Une récente étude* de la fondation Concorde et de Pharma Système Qualité confirme cette évolution. Cette enquête analyse les transformations auxquelles devront adhérer les pharmaciens de 2030. Ses auteurs, à l’instar des patients, incitent l’officinal à être un intermédiaire de santé polyvalent. Ce qu’Hélène Marvillet, présidente de Pharma Système Qualité, décrit comme « l’ancien pharmacien de famille, devenu le pharmacien de premier recours ». Paradoxalement, renouer avec leur vocation première suppose des pharmaciens qu’ils s’inscrivent dans l’innovation. « Les pharmaciens ont en commun avec les GAFA (Google, Apple, Facebook, Amazon, NDLR) la diversité de leur audience. À eux de la « monétiser » à leur échelle », enjoint Olivier Babeau, économiste et professeur à l’université de Bordeaux. Le rapporteur de la commission santé de la fondation Concorde incite les pharmaciens à mettre à profit la « cybercondrie » qui sévit sur la Toile, les internautes inquiets de leur santé demandant à être accompagnés. De même, Olivier Babeau invite la profession à s’inspirer de la médecine 4 P : préventive, prédictive, personnalisée et participative.
Casser le comptoir
Ces principes ne font que reprendre les souhaits, bien concrets, des patients. Le pharmacien a un rôle à jouer dans la prévention par le biais d’entretiens orientés (nutrition, hygiène de vie, surpoids, tabac…). Il doit également être présent dans le domaine prédictif grâce à la vente ou à la location d’outils de mesure de constantes physiologiques. Les observateurs estiment même que le pharmacien trouvera sa place dans la médecine personnalisée, notamment dans la préparation du médicament par impression 3D, ou encore dans le versant personnalisé du traitement par le suivi formalisé de l’observance. Ce changement de paradigme ne pourra s’opérer qu’à la condition de casser l’image du comptoir, estime Hadrien Philippe, vice-président de l’Association nationale des étudiants en pharmacie de France (ANEPF). Plus proche de ses patients, le pharmacien devra également sortir de l’officine. Ne serait-ce que virtuellement, pour s’inscrire dans la pluridisciplinarité des maisons de santé. Ou encore pour s’insérer dans la continuité des soins à la sortie de l’hôpital, grâce à la conciliation médicamenteuse.
Suivre les traitements
« La sortie hospitalière est le premier point de rencontre avec le pharmacien d’officine.
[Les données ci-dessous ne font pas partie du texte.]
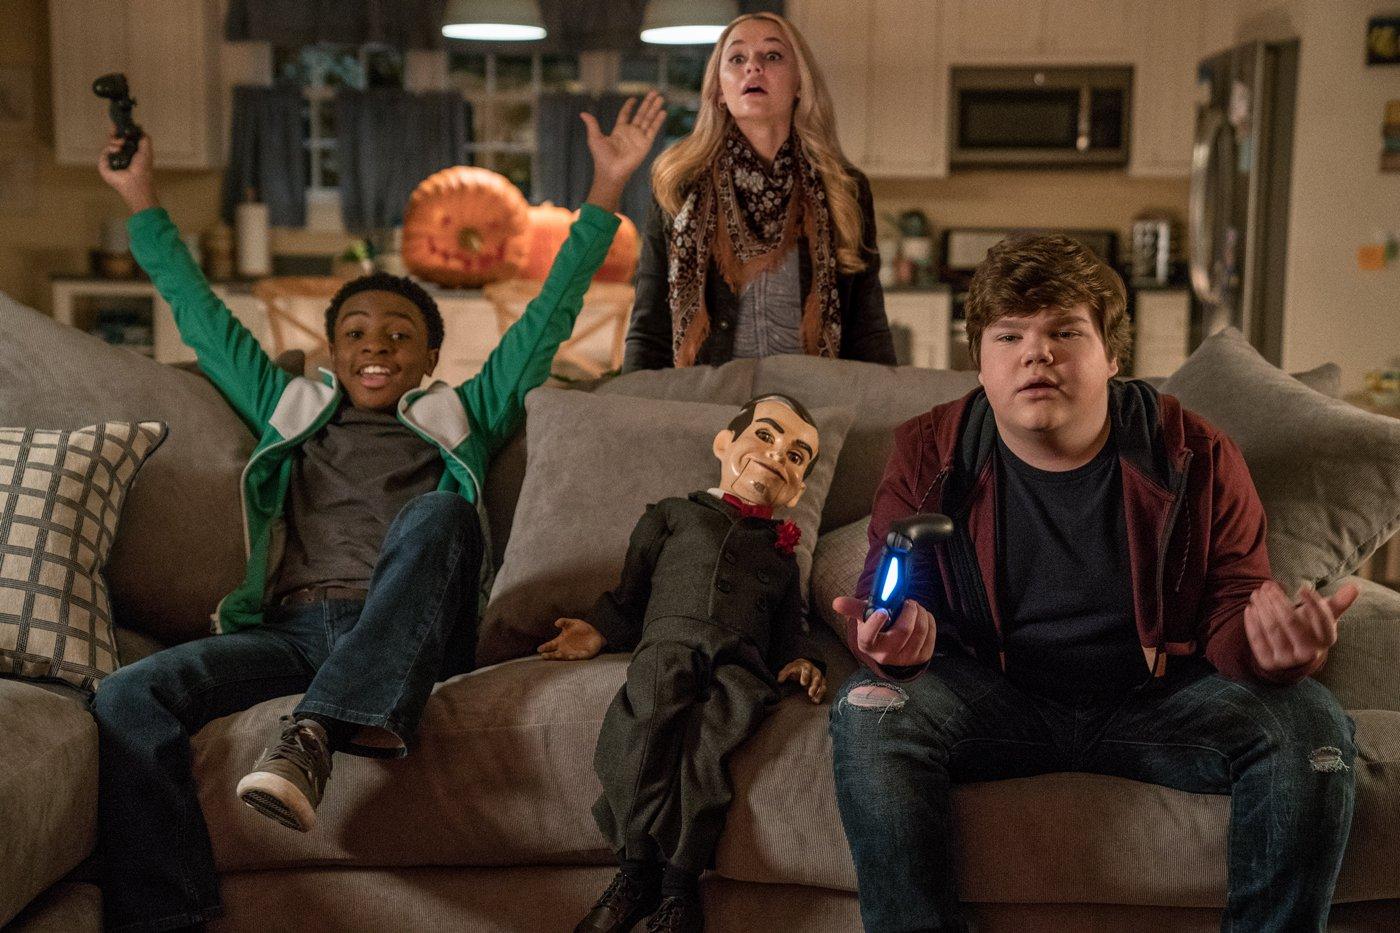 Goosebumps 2 Haunted Halloween 2020 Review Goosebumps 2: Haunted Halloween' Review: Family Friendly Sequel

Or il y a une urgence absolue à ce que l’ordonnance face l’objet d’une mise en cohérence avec le traitement antérieur », rappelle Jean-François Thébaut, membre du collège de la Haute Autorité de santé (HAS). Un vœu qui est cependant loin de se réaliser, comme le remarque Alain Astier, professeur de pharmacologie et de pharmacie clinique et membre de l’Académie de pharmacie : « Il y a jusqu’à présent une rupture totale entre l’hospitalisation, moment où le patient est materné, et son retour à domicile où il se retrouve seul, dans un vide sidéral. » Selon Alain Astier, cette absence de « lien organique » entre la ville et l’hôpital est tout particulièrement inquiétante dans l’utilisation de certains médicaments innovants. « La plupart du temps, les pharmaciens d’officine, comme les médecins généralistes, n’en connaissent pas les effets indésirables. Or leur toxicité nécessite un suivi dans la vie réelle », décrit-il, suggérant que le recueil de ces données puisse faire partie des nouvelles missions du pharmacien. Tout comme la prévention de l’interruption du traitement. Par exemple avec la chronicisation du cancer, nombre de patients finissent par se lasser de leur traitement. Ainsi, « 30 % des femmes traitées au Tamoxifène ne prennent plus leur médicament au bout d’un an », déplore Alain Astier. Un rôle dans la prévention des ruptures de traitement auquel est également attaché Patrick Ohana, pharmacien membre du réseau de santé en oncologie en Essonne « Essononco », qui a élaboré une procédure de délivrance qui garantit la bonne observance des chimiothérapies.
Si les pharmaciens sont prêts à s’engager dans ces évolutions, celle-ci restent soumises à des accords conventionnels avec l’assurance-maladie. La rémunération des pharmaciens pour ces nouvelles missions est un autre moteur essentiel de ces changements.